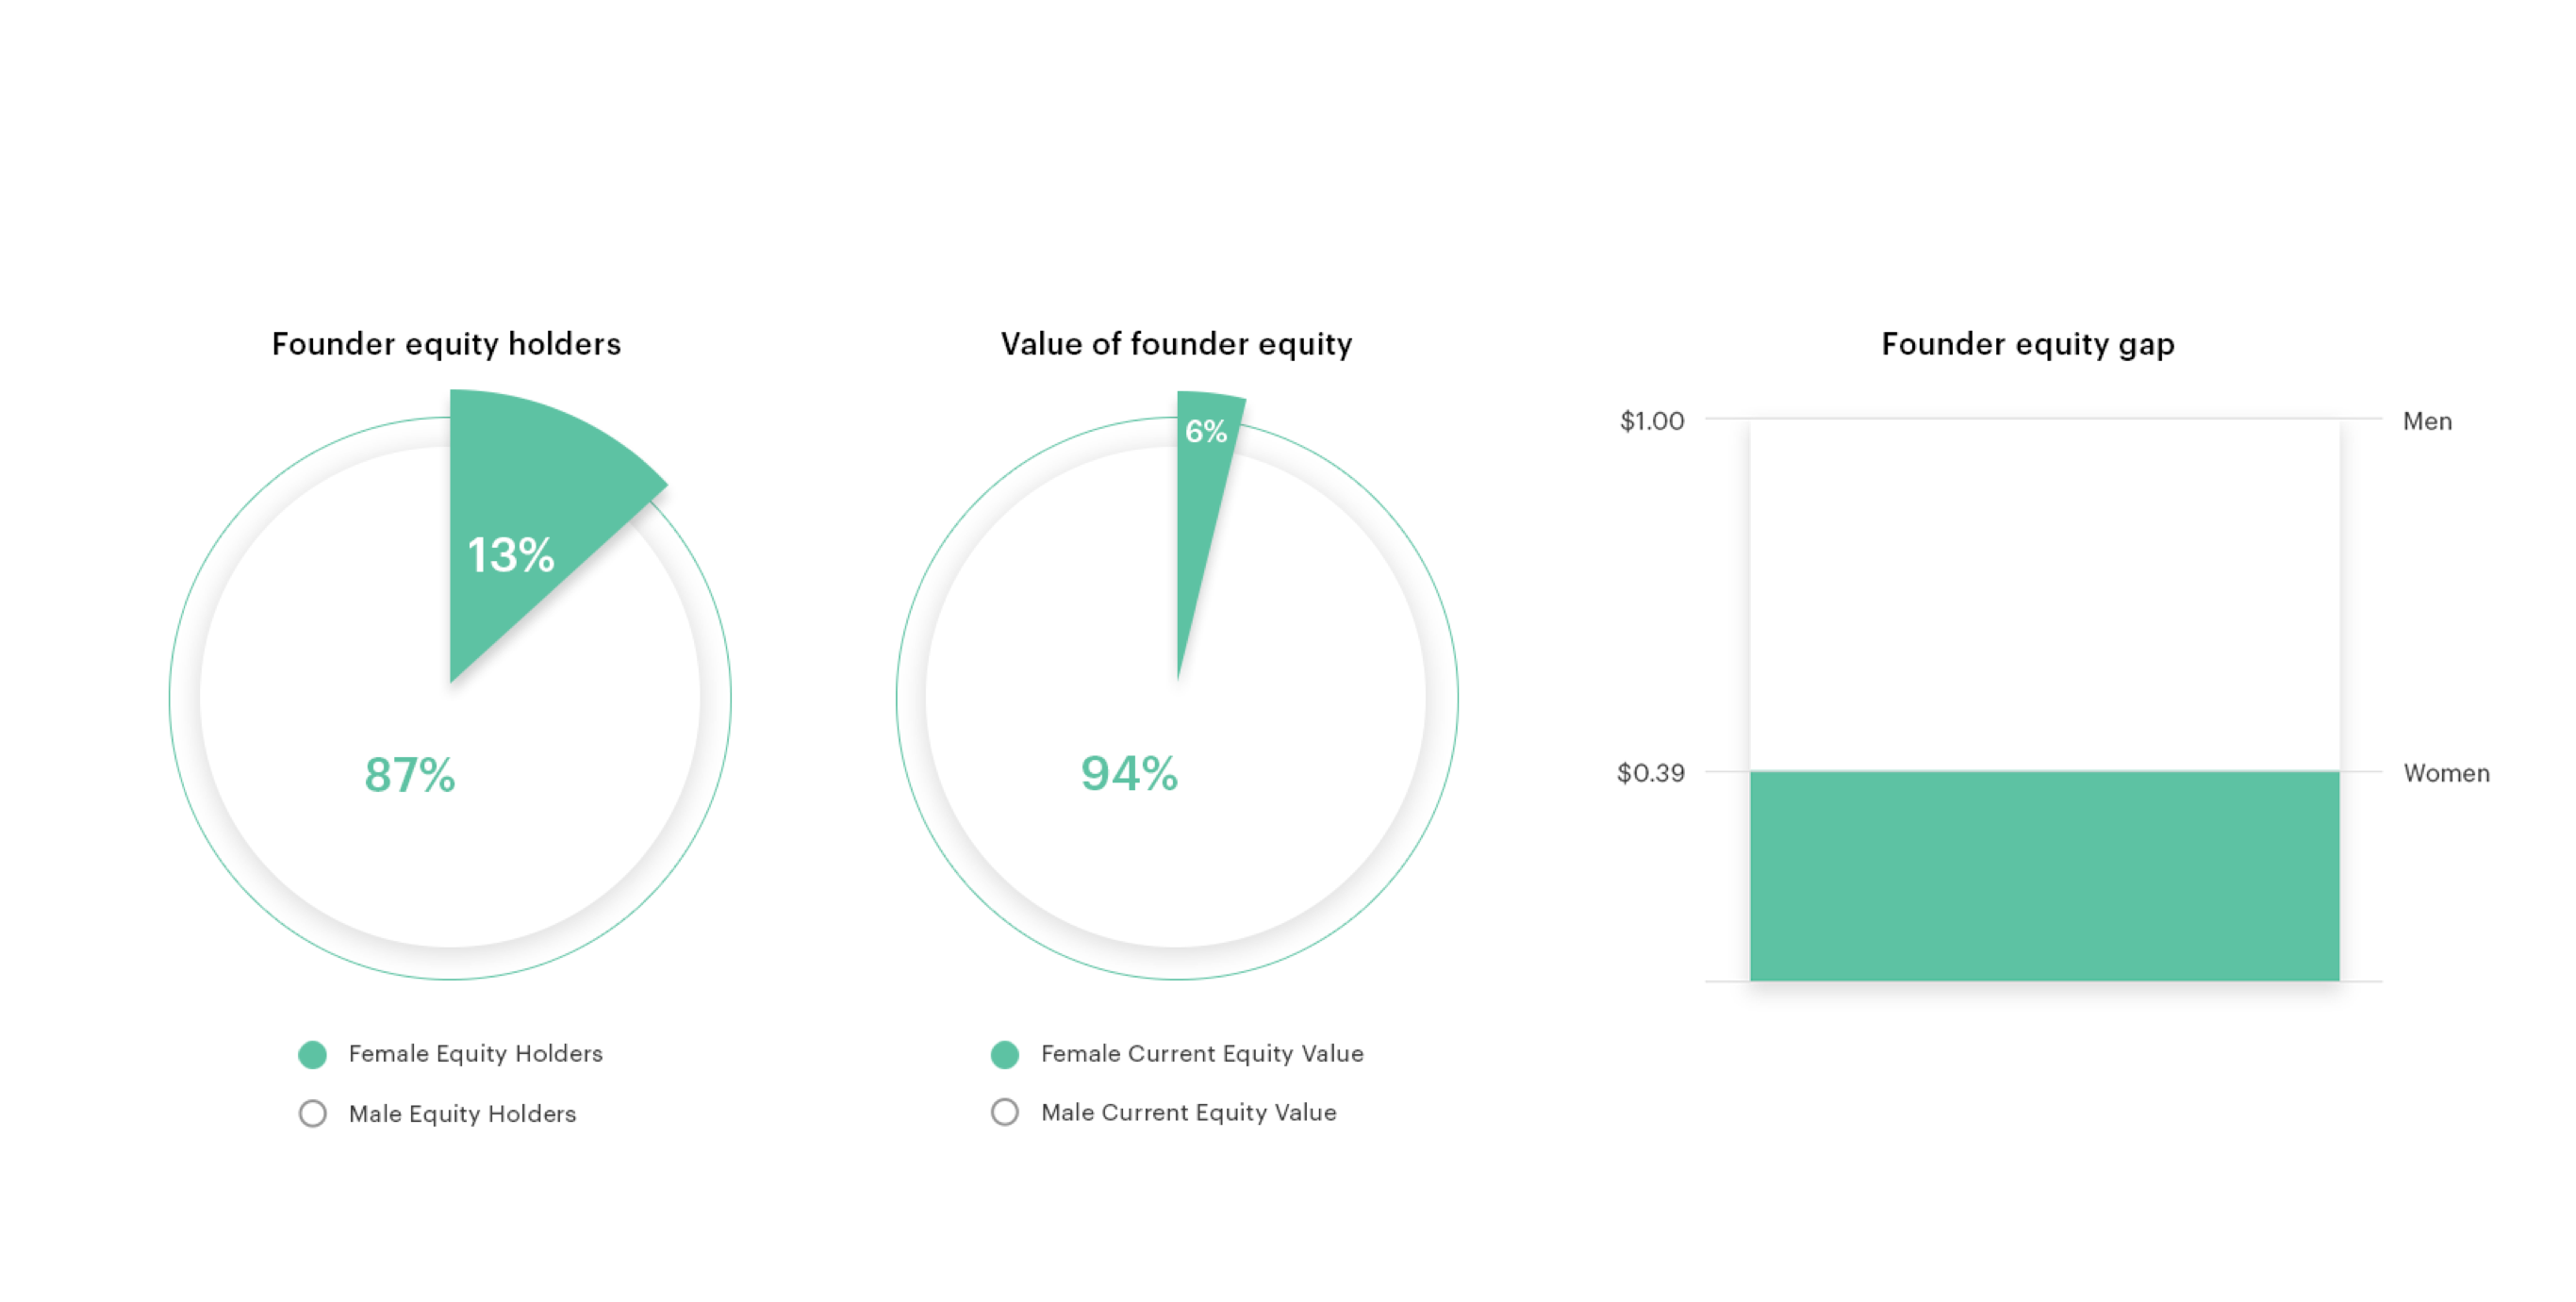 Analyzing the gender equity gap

---

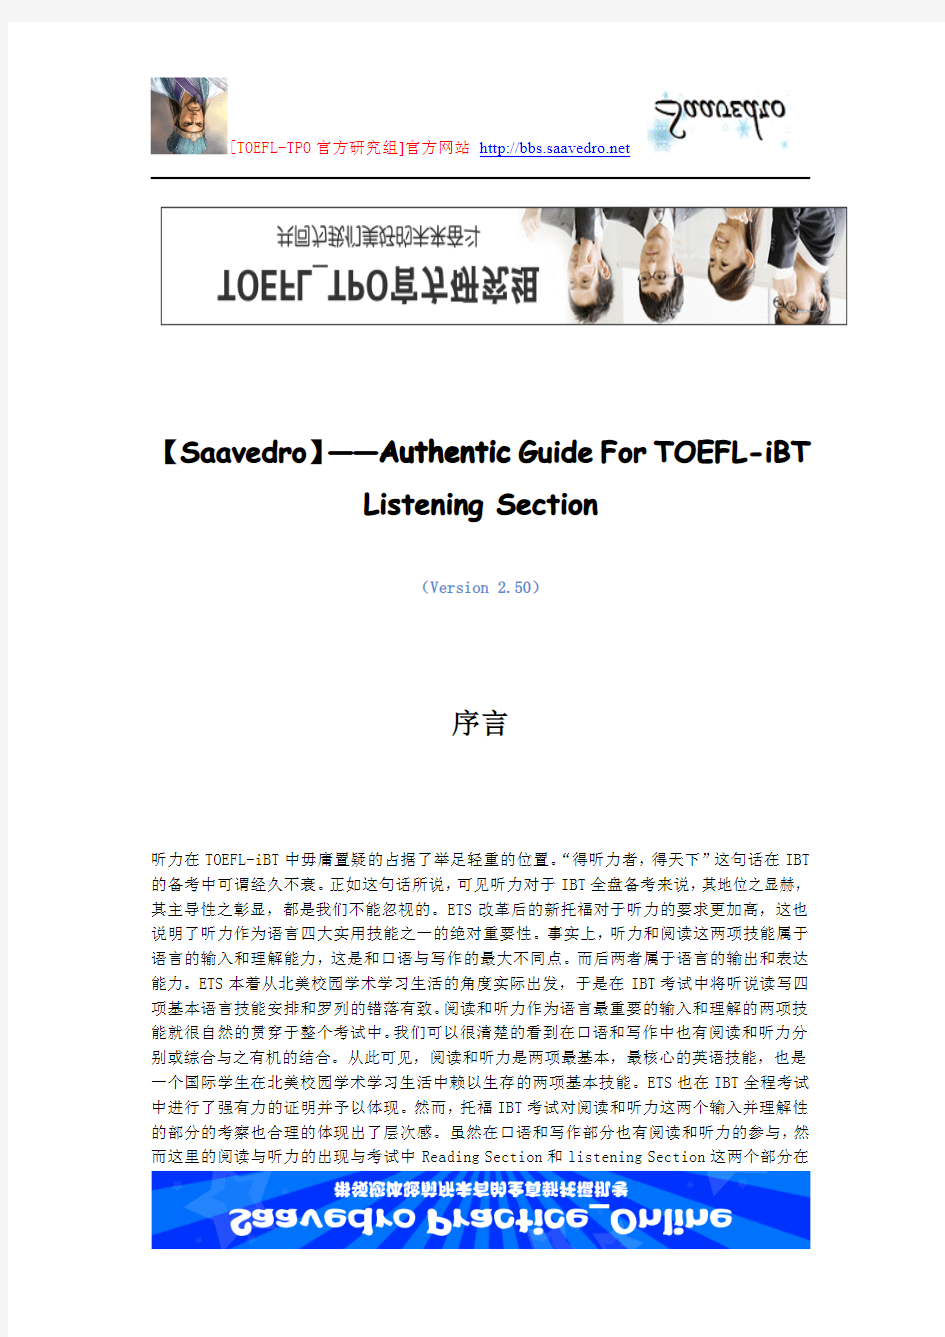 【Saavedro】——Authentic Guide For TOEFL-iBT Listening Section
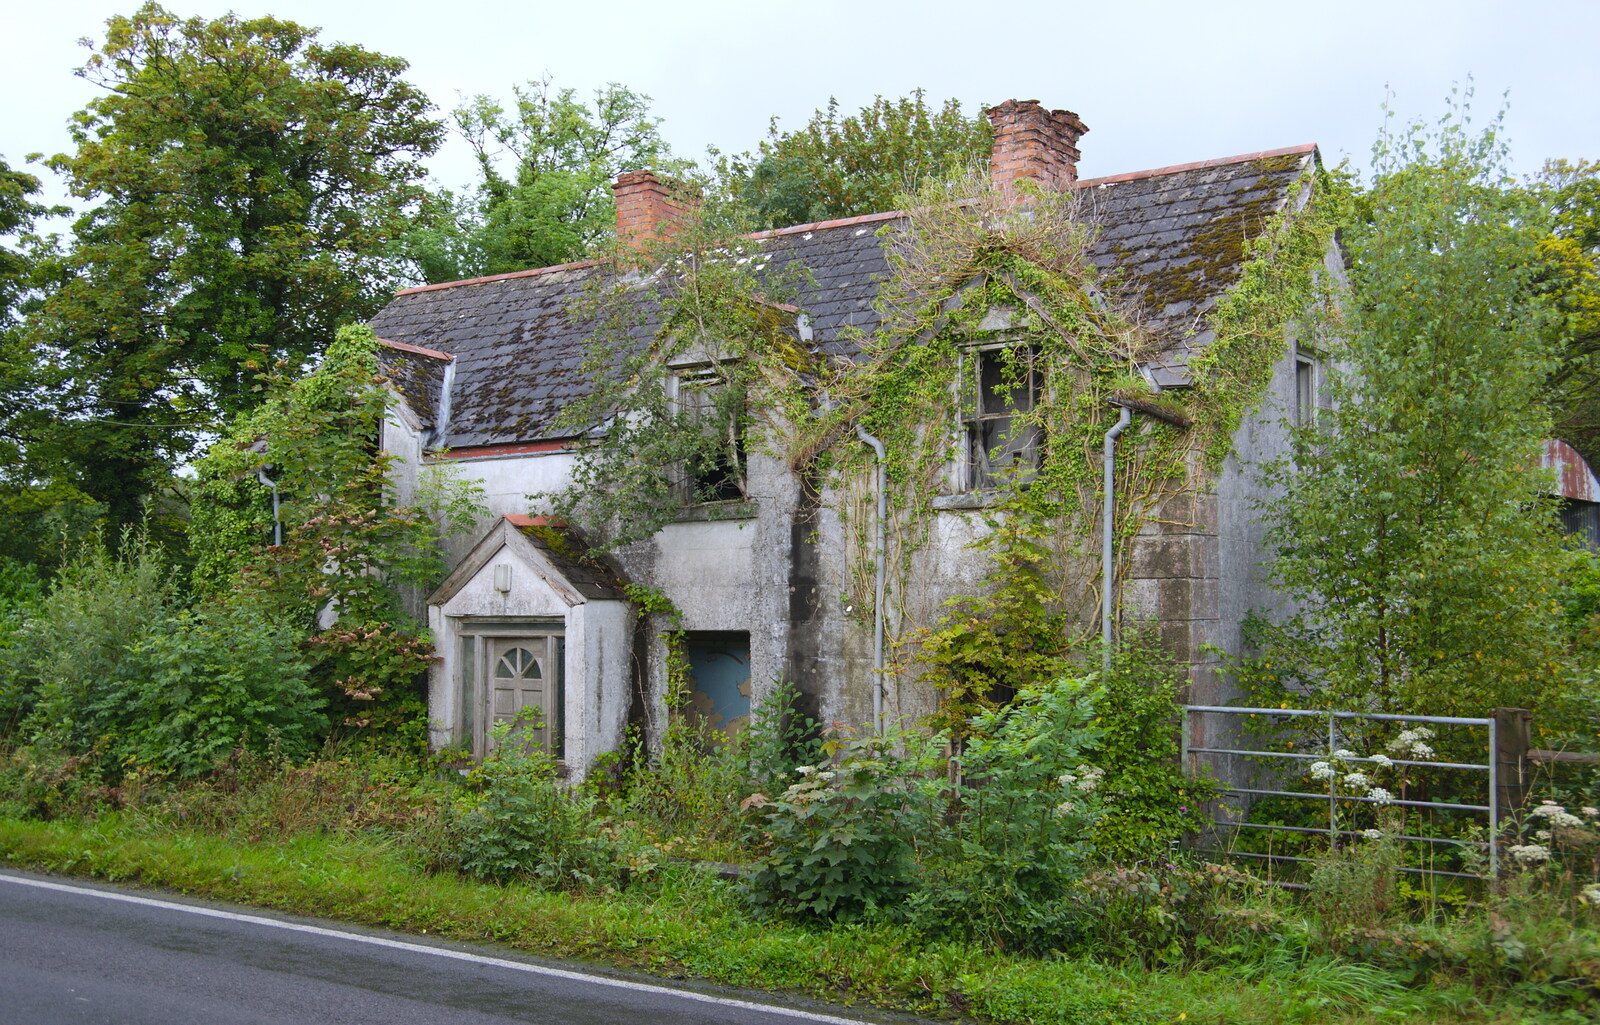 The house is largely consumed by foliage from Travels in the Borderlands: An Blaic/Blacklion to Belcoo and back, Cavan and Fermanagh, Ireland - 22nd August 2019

- TASK DETAILS
Only the lines between the one with "TOEFL-iBT Listening Section" and the one with "The house is", those two included, get copied from the material above. Keep it exact and free of pictures.

- EXERCISE OUTPUT
 【Saavedro】——Authentic Guide For TOEFL-iBT Listening Section
 The house is largely consumed by foliage from Travels in the Borderlands: An Blaic/Blacklion to Belcoo and back, Cavan and Fermanagh, Ireland - 22nd August 2019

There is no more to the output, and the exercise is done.